In some of Canada’s most unaffordable markets, such as Toronto and Vancouver, rents for two-bedroom apartments now exceed $3,000 per month.
While rents in most cities outside of Ontario and British Columbia remain well below that level, cities like Edmonton and Regina saw average annual rents for one-bed units rise by double digits in May.
Average rent for a two-bedroom apartment in each Canadian city as of May 2024.
Urbanation/Rentals.ca
Economists interviewed by Global News say Canadian renters also have reason to be hopeful after years of stress in a tight rental market.
While Canada’s moves to increase rental supply and slow population growth should help “at least stabilize” soaring rents in some areas, experts warn that renters shouldn’t expect big rent cuts anytime soon.
“Even if rents aren’t growing as fast, they’re still going to remain high,” said Randall Bartlett, senior director of Canadian economics at the Desjardins Group.
Where are rents headed? It depends on where you live
The rent stabilization that experts expected has already begun in some markets.
Data from Rentals.ca and Urbanation showed that while rents rose nationally on both a monthly and annual basis, the three-month average still fell 0.4 per cent, which the report categorised as a “moderation” in rents following sharp increases last year.
While Toronto and Vancouver remain among the most unaffordable cities to rent, thankfully, the annual rate of change in both cities has begun to turn negative.
Two-bedroom apartment prices fell 2.0 per cent and 3.6 per cent year-over-year in Toronto and Vancouver, respectively, in May, with both cities also seeing slight monthly price declines.

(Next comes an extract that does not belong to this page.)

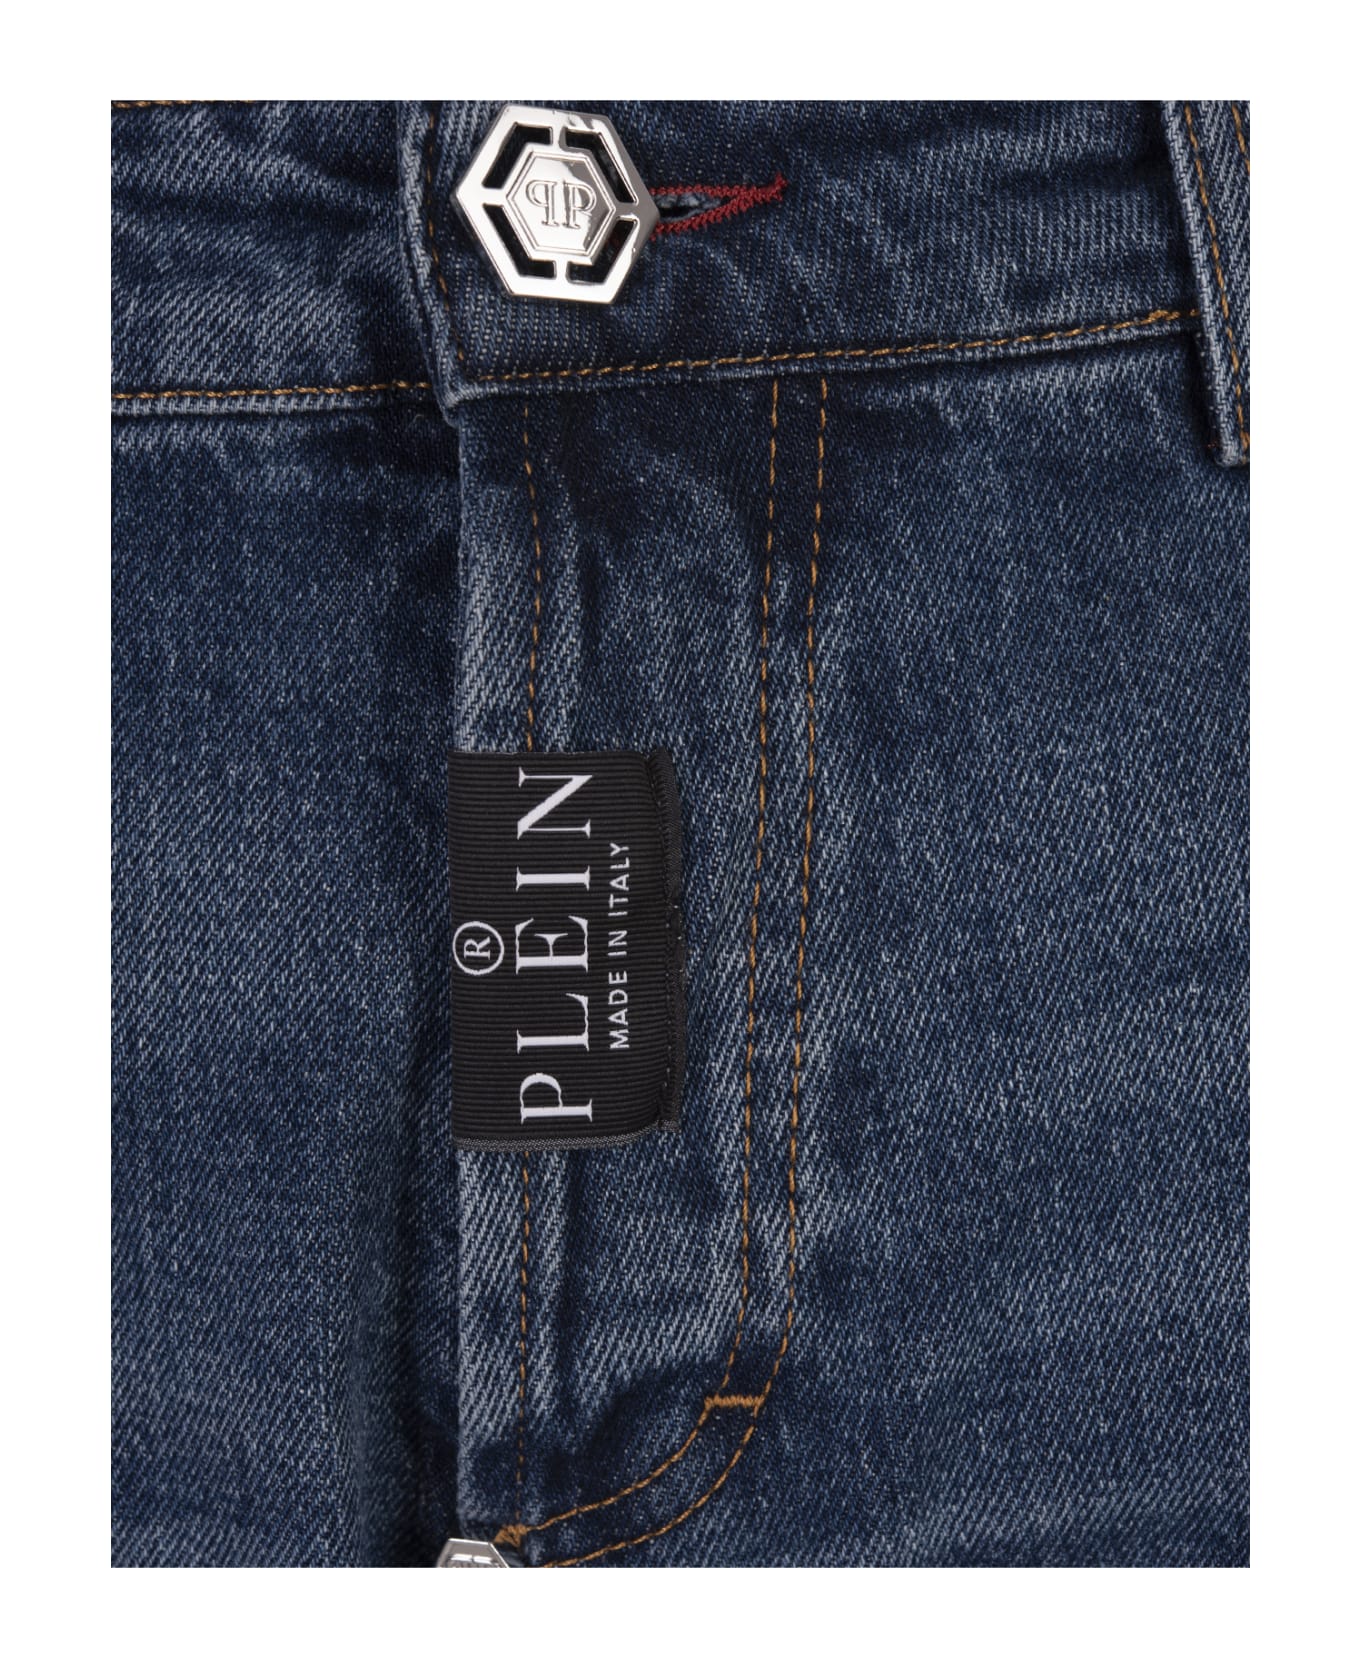 Philipp Plein Denim Trousers Super Straight Cut Premium - Blue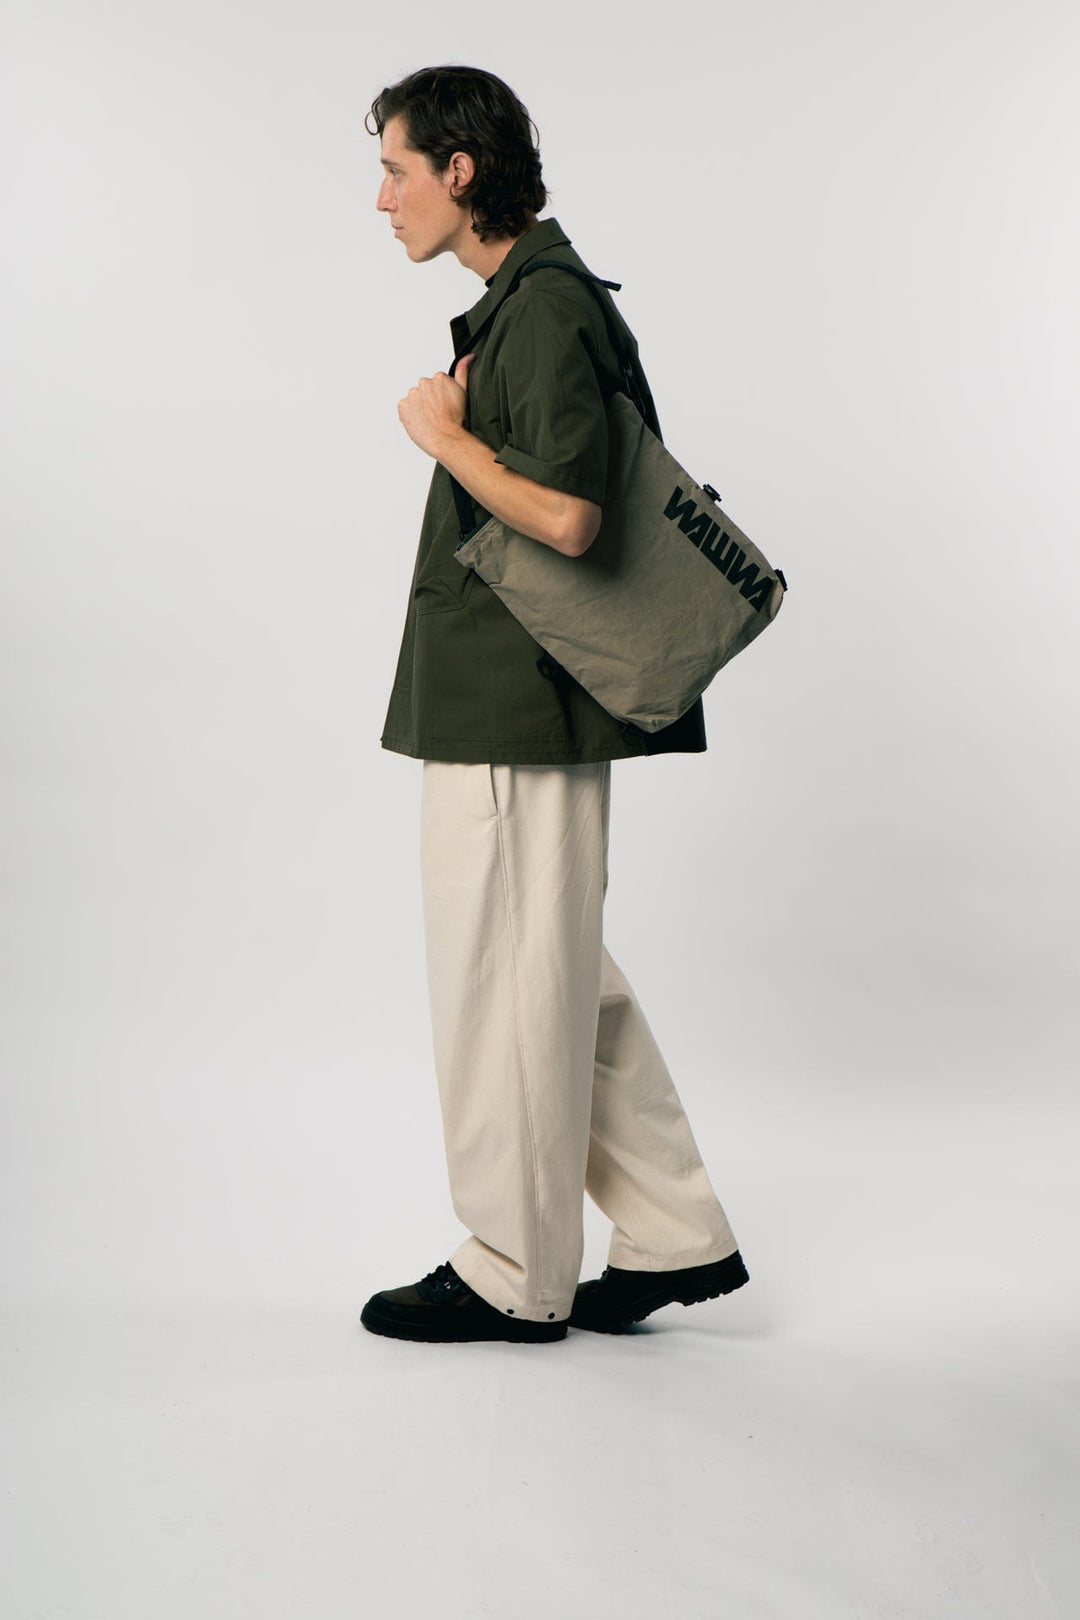 Kartis Extendable Messenger Bag

Montreal is firmly in the middle, with prices for one- and two-bedroom apartments rising in the single digits each year, but still hundreds of dollars cheaper than Toronto and Vancouver.
More affordable markets like Saskatoon, Regina and Edmonton continue to see annual rent surges, even though monthly rents are still far lower than cities in Ontario and British Columbia.

Bartlett said rents in Canada’s most expensive markets may have peaked as renters move to markets they can actually afford.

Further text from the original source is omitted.